A smear of Colemans adds the finishing touch.



Heretic! Brown sauce FTW!



Also, I actually like my bacon limp and flaccid but then I'm weird like that. I don't like toast that shatters when you bite either.
Do not clench. It only makes it worse.

menthel

  • Jim is my real, actual name
Re: the food rant thread
« Reply #122 on: 15 May, 2015, 12:16:39 pm »

And mustard.
A smear of Colemans adds the finishing touch.



Heretic! Brown sauce FTW!



Also, I actually like my bacon limp and flaccid but then I'm weird like that. I don't like toast that shatters when you bite either.

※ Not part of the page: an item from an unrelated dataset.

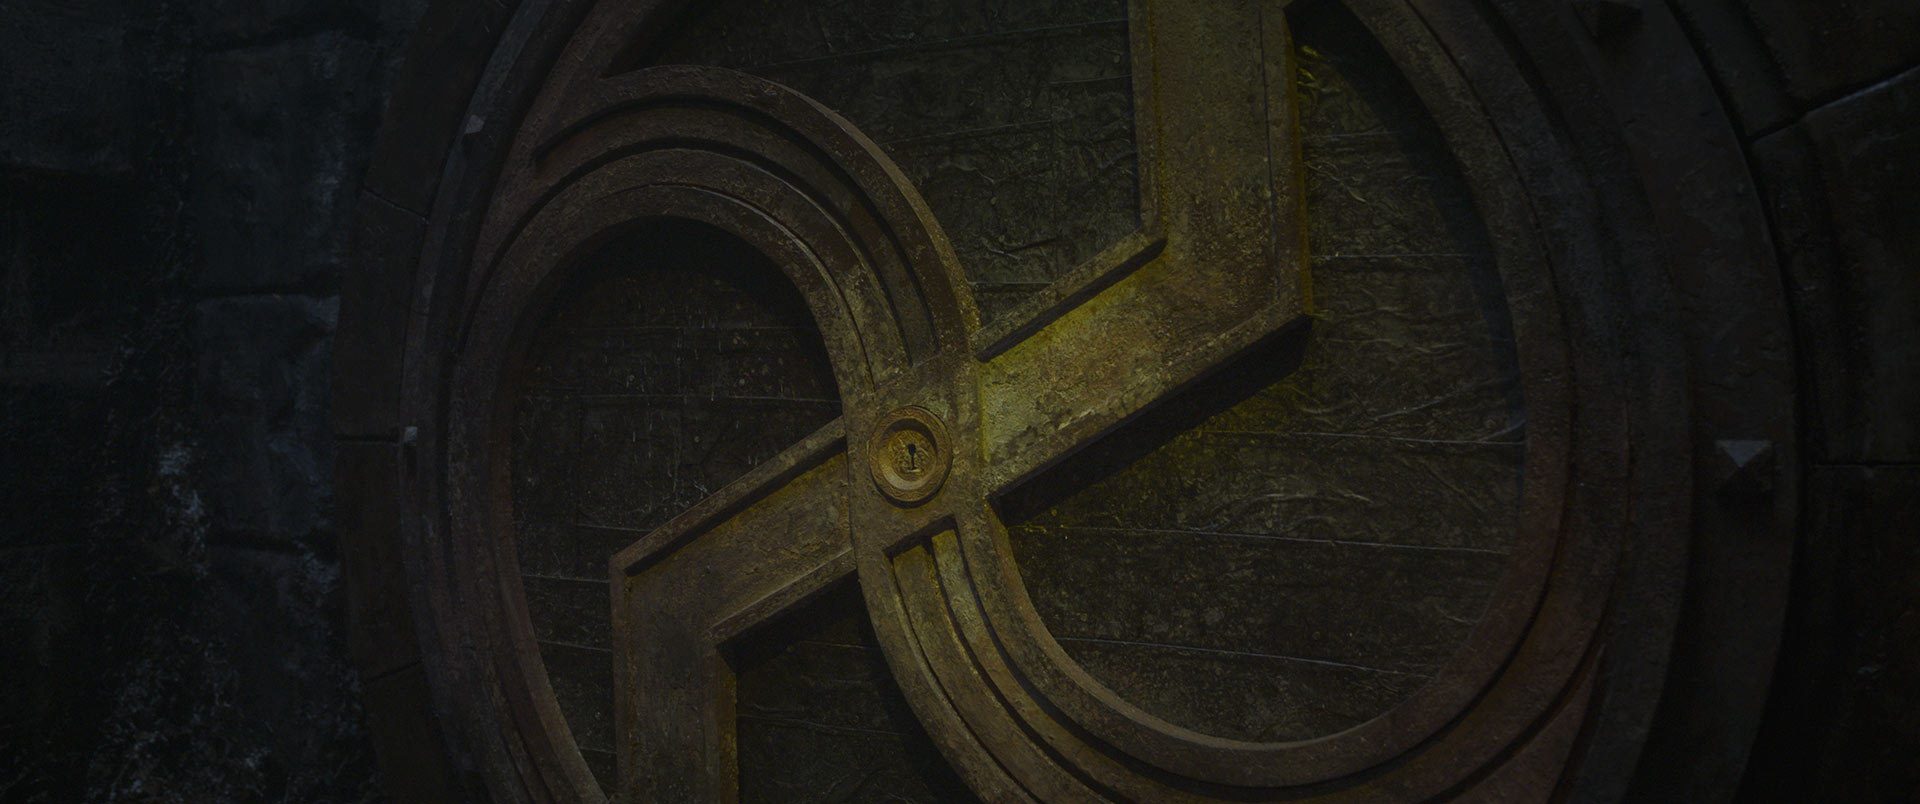 The bronze symbol on the vault door

Floppy bacon, agreed! I like a little colour on the fat but otherwise floppy!

Mr Larrington

  • A bit ov a lyv wyr by slof standirds
  • Custard Wallah
    • Mr Larrington's Automatic Diary
Re: the food rant thread
« Reply #123 on: 15 May, 2015, 12:19:17 pm »
Is Project Pork Bun in any way related to that pork barrel thingy that the USAnian government keeps its money in?  Since no-one has needed to keep pork in barrels since the invention of the refrigerator, you'd think it would have been replaced with something a bit more 20th century by now.
External Transparent Wall Inspection Operative & Mayor of Mortagne-au-Perche
Satisfying the Bloodlust of the Masses in Peacetime

Cudzoziemiec

  • Ride adventurously and stop for a brew.
Re: the food rant thread
« Reply #124 on: 15 May, 2015, 12:26:20 pm »
Might the slush fund not also be updated to the reconstituted mechanically-recovered burger-meat fund?
Riding a concrete path through the nebulous and chaotic future.